*** Dataset entries Section Begins ***
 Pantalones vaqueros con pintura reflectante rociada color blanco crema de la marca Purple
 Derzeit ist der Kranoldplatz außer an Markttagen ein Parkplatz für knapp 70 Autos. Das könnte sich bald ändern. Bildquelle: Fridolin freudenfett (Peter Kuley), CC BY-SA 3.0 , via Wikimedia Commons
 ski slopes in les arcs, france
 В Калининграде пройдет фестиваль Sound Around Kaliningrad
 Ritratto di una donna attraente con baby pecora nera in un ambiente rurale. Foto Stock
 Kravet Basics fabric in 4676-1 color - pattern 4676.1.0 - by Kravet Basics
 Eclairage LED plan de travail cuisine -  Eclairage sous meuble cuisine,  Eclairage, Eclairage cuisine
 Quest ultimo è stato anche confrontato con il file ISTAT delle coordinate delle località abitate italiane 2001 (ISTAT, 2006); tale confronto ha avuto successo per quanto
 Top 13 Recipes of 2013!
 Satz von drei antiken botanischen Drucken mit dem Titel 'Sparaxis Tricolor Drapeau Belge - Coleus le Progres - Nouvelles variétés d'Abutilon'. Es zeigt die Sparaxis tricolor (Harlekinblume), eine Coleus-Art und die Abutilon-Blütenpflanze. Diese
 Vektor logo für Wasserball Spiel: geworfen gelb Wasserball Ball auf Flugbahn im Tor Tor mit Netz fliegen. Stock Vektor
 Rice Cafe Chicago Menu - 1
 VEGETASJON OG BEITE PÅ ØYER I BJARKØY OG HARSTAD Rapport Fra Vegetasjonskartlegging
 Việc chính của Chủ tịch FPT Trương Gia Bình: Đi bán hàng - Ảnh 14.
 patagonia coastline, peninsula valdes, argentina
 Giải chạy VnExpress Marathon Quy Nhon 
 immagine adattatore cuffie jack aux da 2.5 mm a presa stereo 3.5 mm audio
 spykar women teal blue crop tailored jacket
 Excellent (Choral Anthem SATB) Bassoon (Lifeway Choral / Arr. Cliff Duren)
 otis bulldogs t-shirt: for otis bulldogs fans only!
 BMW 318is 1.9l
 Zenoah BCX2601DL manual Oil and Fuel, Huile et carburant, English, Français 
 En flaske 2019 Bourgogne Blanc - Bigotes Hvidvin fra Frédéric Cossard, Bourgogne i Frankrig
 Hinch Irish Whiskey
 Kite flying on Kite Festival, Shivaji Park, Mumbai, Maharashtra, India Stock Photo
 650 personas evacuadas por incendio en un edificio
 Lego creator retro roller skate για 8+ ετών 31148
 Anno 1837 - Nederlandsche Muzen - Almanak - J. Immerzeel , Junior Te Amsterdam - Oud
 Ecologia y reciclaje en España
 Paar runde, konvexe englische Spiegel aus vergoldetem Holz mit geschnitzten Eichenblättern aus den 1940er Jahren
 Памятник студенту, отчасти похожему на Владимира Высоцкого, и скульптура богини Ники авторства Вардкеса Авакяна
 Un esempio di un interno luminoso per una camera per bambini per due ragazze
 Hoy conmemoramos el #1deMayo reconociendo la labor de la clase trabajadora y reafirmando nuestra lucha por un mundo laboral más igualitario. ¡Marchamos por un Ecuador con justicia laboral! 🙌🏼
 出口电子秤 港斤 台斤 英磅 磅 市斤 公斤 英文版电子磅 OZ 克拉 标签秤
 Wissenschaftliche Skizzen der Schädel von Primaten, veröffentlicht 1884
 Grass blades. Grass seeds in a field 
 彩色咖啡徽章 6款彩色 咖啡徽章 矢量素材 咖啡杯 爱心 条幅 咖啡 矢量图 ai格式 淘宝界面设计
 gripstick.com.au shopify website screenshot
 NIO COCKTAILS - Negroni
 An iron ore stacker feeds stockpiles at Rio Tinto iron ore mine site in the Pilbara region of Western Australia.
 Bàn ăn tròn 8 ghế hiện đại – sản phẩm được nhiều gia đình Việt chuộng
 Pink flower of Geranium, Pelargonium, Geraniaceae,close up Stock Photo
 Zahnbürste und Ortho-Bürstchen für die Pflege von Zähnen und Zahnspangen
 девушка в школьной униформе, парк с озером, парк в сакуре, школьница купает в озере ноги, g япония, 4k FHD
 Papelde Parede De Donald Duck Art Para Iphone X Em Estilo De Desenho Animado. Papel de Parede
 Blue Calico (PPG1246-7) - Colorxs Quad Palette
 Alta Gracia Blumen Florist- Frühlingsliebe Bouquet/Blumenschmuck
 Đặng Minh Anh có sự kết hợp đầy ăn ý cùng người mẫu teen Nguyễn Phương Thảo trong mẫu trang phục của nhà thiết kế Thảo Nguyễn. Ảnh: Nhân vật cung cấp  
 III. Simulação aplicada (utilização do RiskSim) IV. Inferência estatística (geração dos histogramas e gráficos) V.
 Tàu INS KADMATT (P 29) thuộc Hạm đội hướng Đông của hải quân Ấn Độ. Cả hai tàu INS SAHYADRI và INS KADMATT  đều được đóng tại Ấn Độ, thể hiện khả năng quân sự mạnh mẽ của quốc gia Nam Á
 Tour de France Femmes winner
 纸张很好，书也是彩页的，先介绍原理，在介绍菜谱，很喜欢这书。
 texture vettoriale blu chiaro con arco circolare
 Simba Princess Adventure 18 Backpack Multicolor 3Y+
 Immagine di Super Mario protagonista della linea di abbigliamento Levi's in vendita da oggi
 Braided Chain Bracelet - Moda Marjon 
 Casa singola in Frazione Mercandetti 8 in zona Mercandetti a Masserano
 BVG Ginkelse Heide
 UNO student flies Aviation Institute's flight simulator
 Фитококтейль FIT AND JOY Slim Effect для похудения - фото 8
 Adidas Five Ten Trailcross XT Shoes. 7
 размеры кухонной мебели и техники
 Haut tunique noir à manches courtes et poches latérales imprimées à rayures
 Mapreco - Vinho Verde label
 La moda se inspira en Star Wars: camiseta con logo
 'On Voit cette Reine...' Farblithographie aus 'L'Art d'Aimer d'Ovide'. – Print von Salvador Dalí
*** Dataset entries Section Ends ***
Try it: Look through the entries above and quote exactly the lines from the line with "Lego creator retro" to the line with "III. Simulação aplicada", counting both of those lines.

Finished exercise:
 Lego creator retro roller skate για 8+ ετών 31148
 Anno 1837 - Nederlandsche Muzen - Almanak - J. Immerzeel , Junior Te Amsterdam - Oud
 Ecologia y reciclaje en España
 Paar runde, konvexe englische Spiegel aus vergoldetem Holz mit geschnitzten Eichenblättern aus den 1940er Jahren
 Памятник студенту, отчасти похожему на Владимира Высоцкого, и скульптура богини Ники авторства Вардкеса Авакяна
 Un esempio di un interno luminoso per una camera per bambini per due ragazze
 Hoy conmemoramos el #1deMayo reconociendo la labor de la clase trabajadora y reafirmando nuestra lucha por un mundo laboral más igualitario. ¡Marchamos por un Ecuador con justicia laboral! 🙌🏼
 出口电子秤 港斤 台斤 英磅 磅 市斤 公斤 英文版电子磅 OZ 克拉 标签秤
 Wissenschaftliche Skizzen der Schädel von Primaten, veröffentlicht 1884
 Grass blades. Grass seeds in a field 
 彩色咖啡徽章 6款彩色 咖啡徽章 矢量素材 咖啡杯 爱心 条幅 咖啡 矢量图 ai格式 淘宝界面设计
 gripstick.com.au shopify website screenshot
 NIO COCKTAILS - Negroni
 An iron ore stacker feeds stockpiles at Rio Tinto iron ore mine site in the Pilbara region of Western Australia.
 Bàn ăn tròn 8 ghế hiện đại – sản phẩm được nhiều gia đình Việt chuộng
 Pink flower of Geranium, Pelargonium, Geraniaceae,close up Stock Photo
 Zahnbürste und Ortho-Bürstchen für die Pflege von Zähnen und Zahnspangen
 девушка в школьной униформе, парк с озером, парк в сакуре, школьница купает в озере ноги, g япония, 4k FHD
 Papelde Parede De Donald Duck Art Para Iphone X Em Estilo De Desenho Animado. Papel de Parede
 Blue Calico (PPG1246-7) - Colorxs Quad Palette
 Alta Gracia Blumen Florist- Frühlingsliebe Bouquet/Blumenschmuck
 Đặng Minh Anh có sự kết hợp đầy ăn ý cùng người mẫu teen Nguyễn Phương Thảo trong mẫu trang phục của nhà thiết kế Thảo Nguyễn. Ảnh: Nhân vật cung cấp  
 III. Simulação aplicada (utilização do RiskSim) IV. Inferência estatística (geração dos histogramas e gráficos) V.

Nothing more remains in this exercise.